PROBLEM
Type out the data exactly as given. Skip any image.

INFORMATION PROVIDED
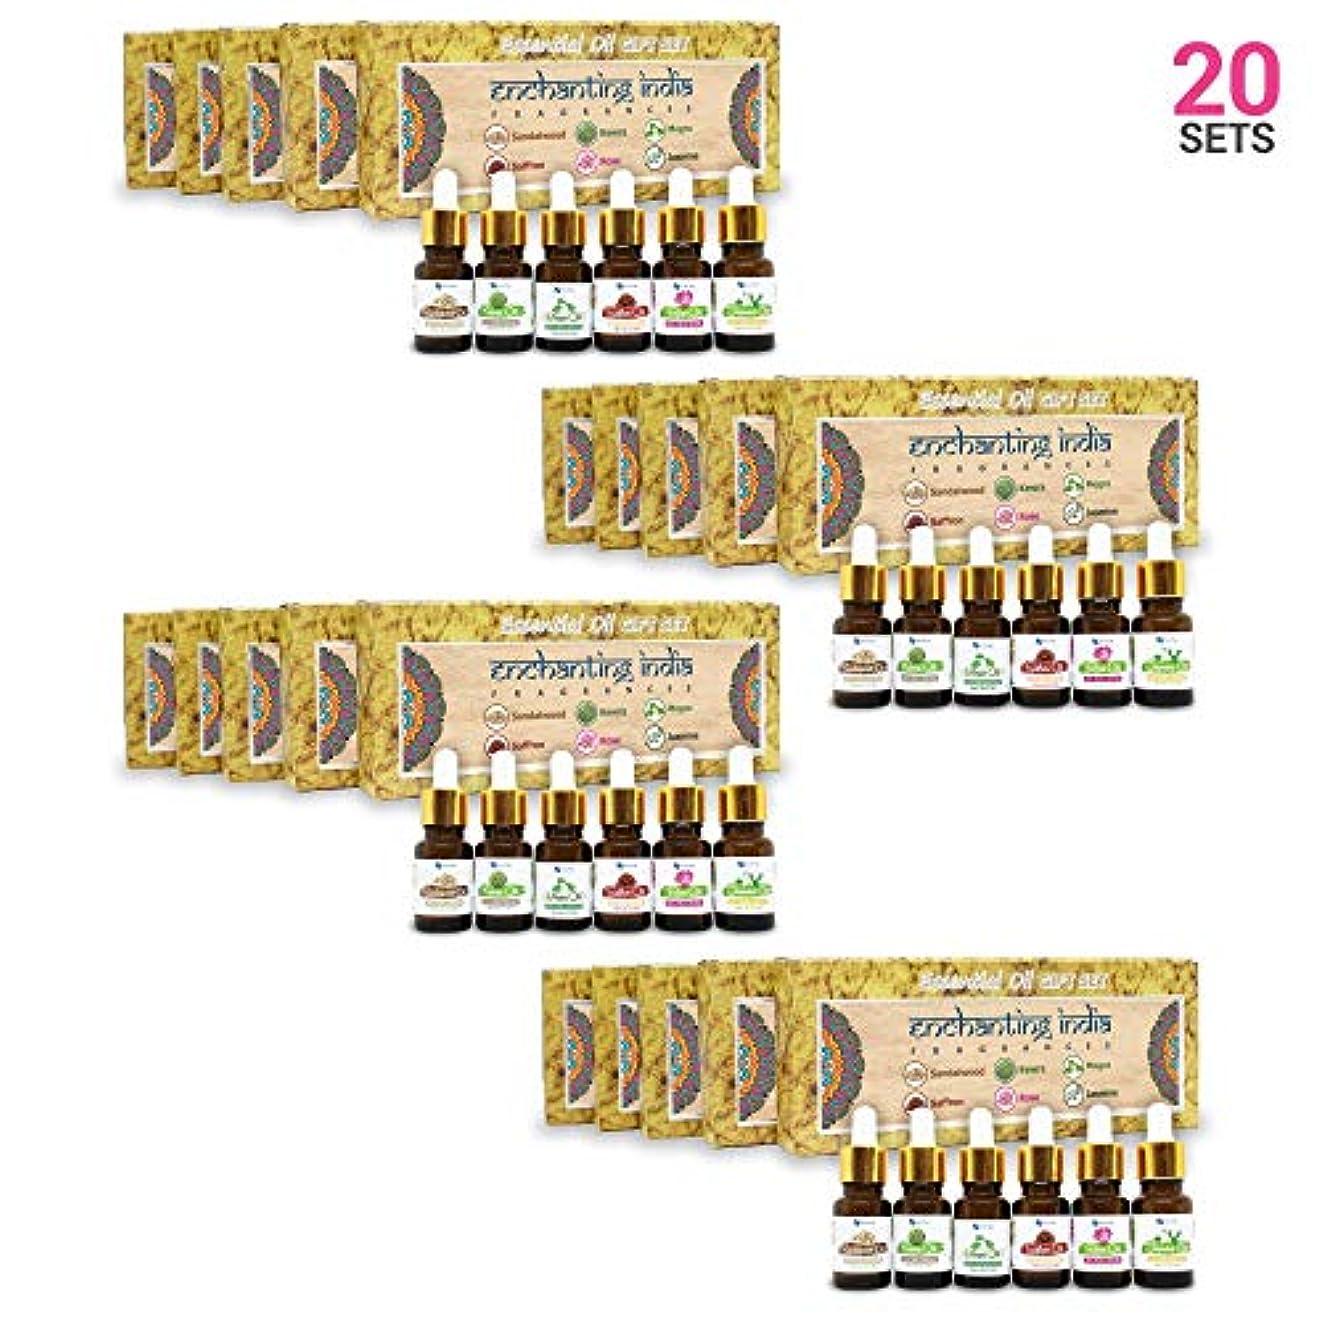 出会いびっくりする安全なAromatherapy Fragrance Oils (Set of 20) - 100% Pure & Natural Therapeutic Essential Oils, 10ml each (Sandalwood...
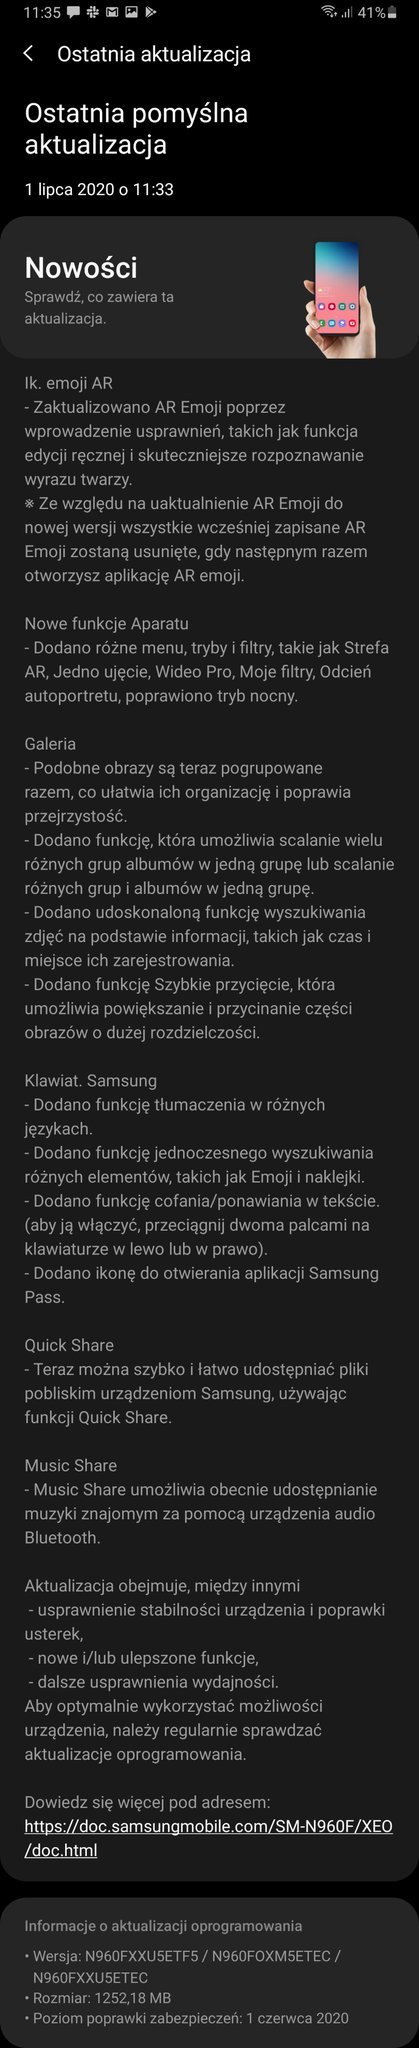 Samsung Galaxy Note 9 otrzymał One UI 2.1 w Polsce (XEO)
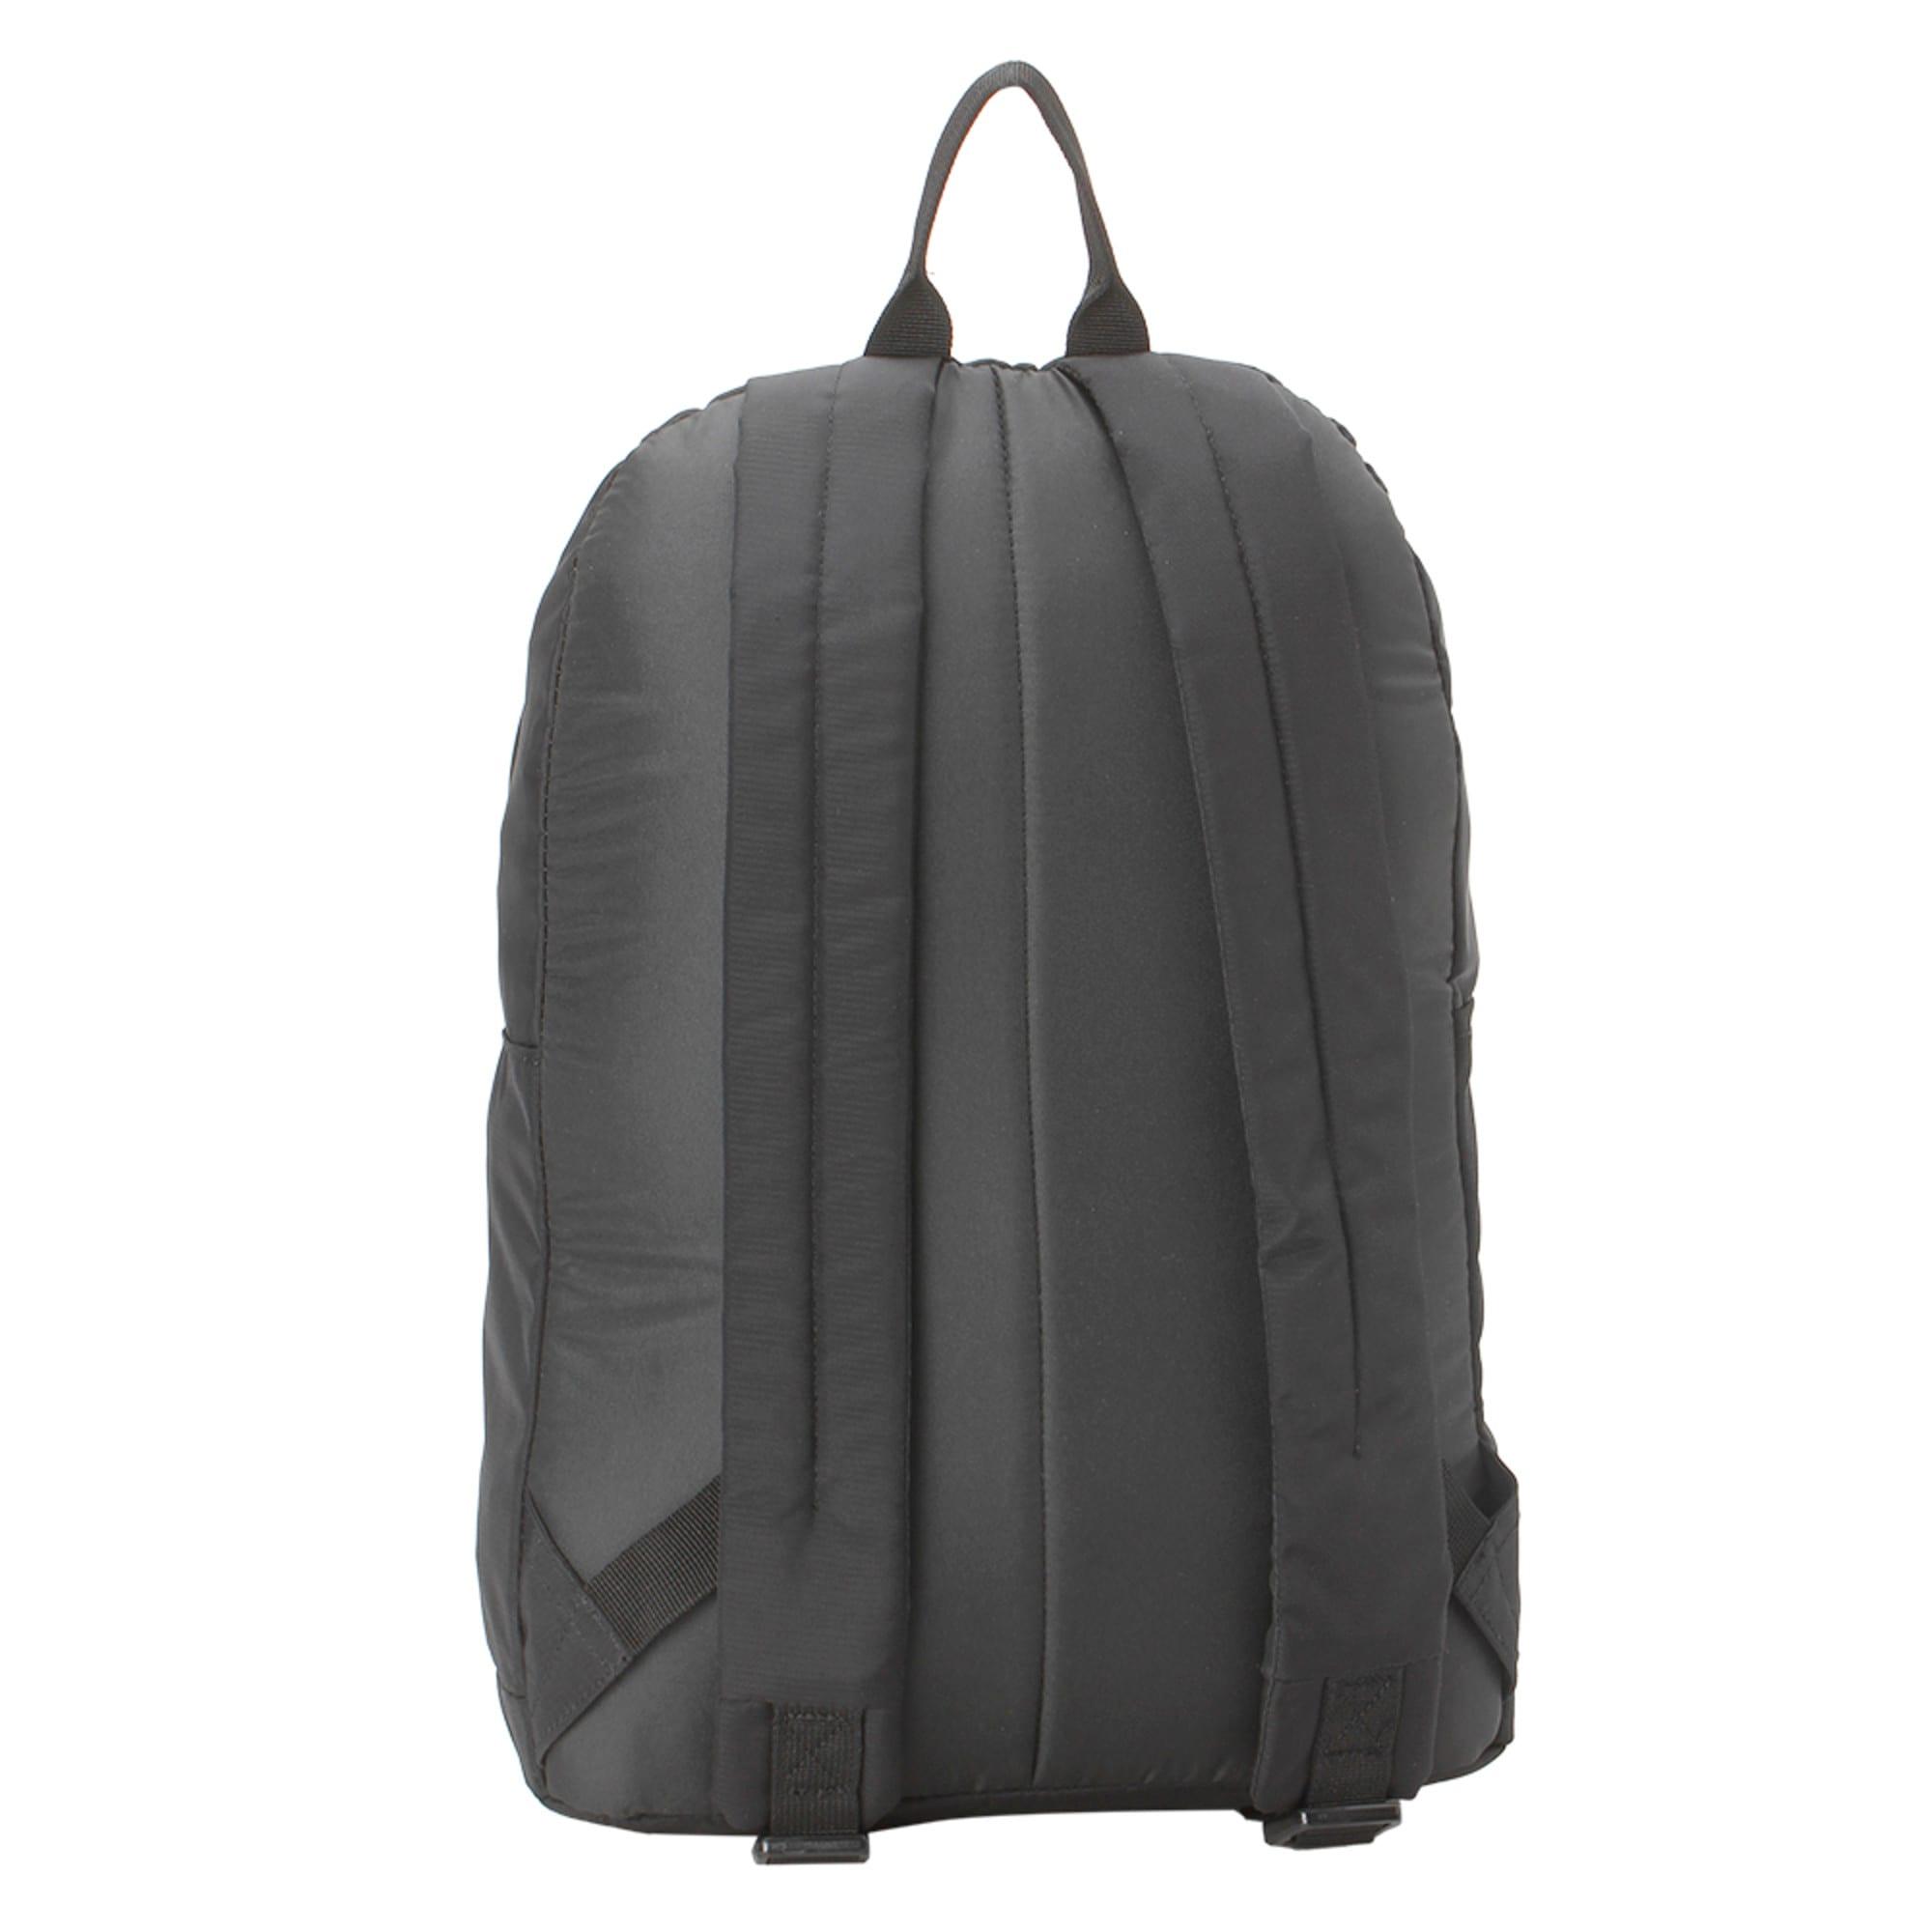 Thumbnail 3 of Originals Backpack, Puma Black, medium-IND

RESPONSE BELOW
 出会いびっくりする安全なAromatherapy Fragrance Oils (Set of 20) - 100% Pure & Natural Therapeutic Essential Oils, 10ml each (Sandalwood...
 Samsung Galaxy Note 9 otrzymał One UI 2.1 w Polsce (XEO)
 Thumbnail 3 of Originals Backpack, Puma Black, medium-IND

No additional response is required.